#### Brief
Which lines below fall between the one containing "A land value" and the one containing "Nuclear membrane and"? Repeat them exactly, counting both of those lines, and add nothing else.

─── Information supplied ───

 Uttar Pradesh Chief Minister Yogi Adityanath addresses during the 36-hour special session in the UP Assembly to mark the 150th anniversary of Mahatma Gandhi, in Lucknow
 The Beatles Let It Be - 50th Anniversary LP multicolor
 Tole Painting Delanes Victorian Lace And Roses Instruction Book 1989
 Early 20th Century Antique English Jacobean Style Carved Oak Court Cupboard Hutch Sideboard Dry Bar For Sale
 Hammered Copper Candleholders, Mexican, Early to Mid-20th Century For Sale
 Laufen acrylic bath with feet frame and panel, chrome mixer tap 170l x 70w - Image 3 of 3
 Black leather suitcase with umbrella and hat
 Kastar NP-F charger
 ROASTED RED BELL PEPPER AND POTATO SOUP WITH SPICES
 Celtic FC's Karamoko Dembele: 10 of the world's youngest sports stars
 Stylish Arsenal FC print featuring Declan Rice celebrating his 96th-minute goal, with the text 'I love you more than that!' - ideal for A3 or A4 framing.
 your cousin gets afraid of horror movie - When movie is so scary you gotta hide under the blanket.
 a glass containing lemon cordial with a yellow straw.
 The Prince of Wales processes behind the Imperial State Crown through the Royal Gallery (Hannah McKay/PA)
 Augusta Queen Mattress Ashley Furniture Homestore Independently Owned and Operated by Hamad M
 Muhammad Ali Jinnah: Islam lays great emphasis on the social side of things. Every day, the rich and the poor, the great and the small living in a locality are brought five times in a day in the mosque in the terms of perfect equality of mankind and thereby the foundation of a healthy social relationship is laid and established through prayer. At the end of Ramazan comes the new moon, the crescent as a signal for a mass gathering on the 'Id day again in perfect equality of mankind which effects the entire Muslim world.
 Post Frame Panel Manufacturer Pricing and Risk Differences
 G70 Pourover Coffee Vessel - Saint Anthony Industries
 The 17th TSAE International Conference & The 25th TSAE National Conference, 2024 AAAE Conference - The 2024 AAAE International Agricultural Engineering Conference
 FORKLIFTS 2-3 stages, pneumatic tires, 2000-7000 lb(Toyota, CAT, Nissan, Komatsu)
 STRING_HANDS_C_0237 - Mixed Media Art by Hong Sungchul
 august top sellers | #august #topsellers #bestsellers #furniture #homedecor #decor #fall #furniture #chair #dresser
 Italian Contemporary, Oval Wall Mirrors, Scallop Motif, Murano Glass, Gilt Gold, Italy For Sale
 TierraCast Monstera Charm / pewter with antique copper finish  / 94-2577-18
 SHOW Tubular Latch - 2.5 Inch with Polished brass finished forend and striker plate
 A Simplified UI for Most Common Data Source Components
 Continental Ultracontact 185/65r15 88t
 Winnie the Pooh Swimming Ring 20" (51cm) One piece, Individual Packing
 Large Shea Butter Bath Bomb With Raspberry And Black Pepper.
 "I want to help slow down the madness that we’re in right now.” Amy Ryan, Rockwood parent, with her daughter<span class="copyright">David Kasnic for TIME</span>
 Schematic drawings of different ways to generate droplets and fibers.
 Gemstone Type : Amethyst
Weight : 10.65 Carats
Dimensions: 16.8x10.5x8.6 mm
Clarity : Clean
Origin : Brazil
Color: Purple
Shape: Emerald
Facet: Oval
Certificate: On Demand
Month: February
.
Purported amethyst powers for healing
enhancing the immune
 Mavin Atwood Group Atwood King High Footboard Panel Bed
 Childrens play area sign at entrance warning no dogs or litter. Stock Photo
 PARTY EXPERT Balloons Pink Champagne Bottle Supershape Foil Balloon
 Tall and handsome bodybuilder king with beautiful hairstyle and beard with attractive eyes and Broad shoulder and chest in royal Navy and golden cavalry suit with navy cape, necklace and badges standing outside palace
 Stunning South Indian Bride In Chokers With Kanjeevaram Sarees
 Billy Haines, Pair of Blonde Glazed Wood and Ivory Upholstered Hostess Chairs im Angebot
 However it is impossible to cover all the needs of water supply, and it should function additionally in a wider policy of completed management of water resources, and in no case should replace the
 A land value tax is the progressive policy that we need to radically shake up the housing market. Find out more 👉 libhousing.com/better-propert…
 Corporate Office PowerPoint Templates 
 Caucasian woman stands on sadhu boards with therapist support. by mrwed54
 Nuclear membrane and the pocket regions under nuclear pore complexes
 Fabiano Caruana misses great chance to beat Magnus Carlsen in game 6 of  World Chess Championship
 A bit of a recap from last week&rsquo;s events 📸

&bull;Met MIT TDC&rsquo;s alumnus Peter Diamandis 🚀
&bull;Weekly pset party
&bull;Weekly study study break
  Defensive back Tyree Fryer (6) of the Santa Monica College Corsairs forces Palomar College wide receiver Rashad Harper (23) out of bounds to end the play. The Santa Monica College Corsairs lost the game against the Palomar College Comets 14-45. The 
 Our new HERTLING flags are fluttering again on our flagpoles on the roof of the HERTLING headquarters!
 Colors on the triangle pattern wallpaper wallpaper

───

#### Answer to the problem
 A land value tax is the progressive policy that we need to radically shake up the housing market. Find out more 👉 libhousing.com/better-propert…
 Corporate Office PowerPoint Templates 
 Caucasian woman stands on sadhu boards with therapist support. by mrwed54
 Nuclear membrane and the pocket regions under nuclear pore complexes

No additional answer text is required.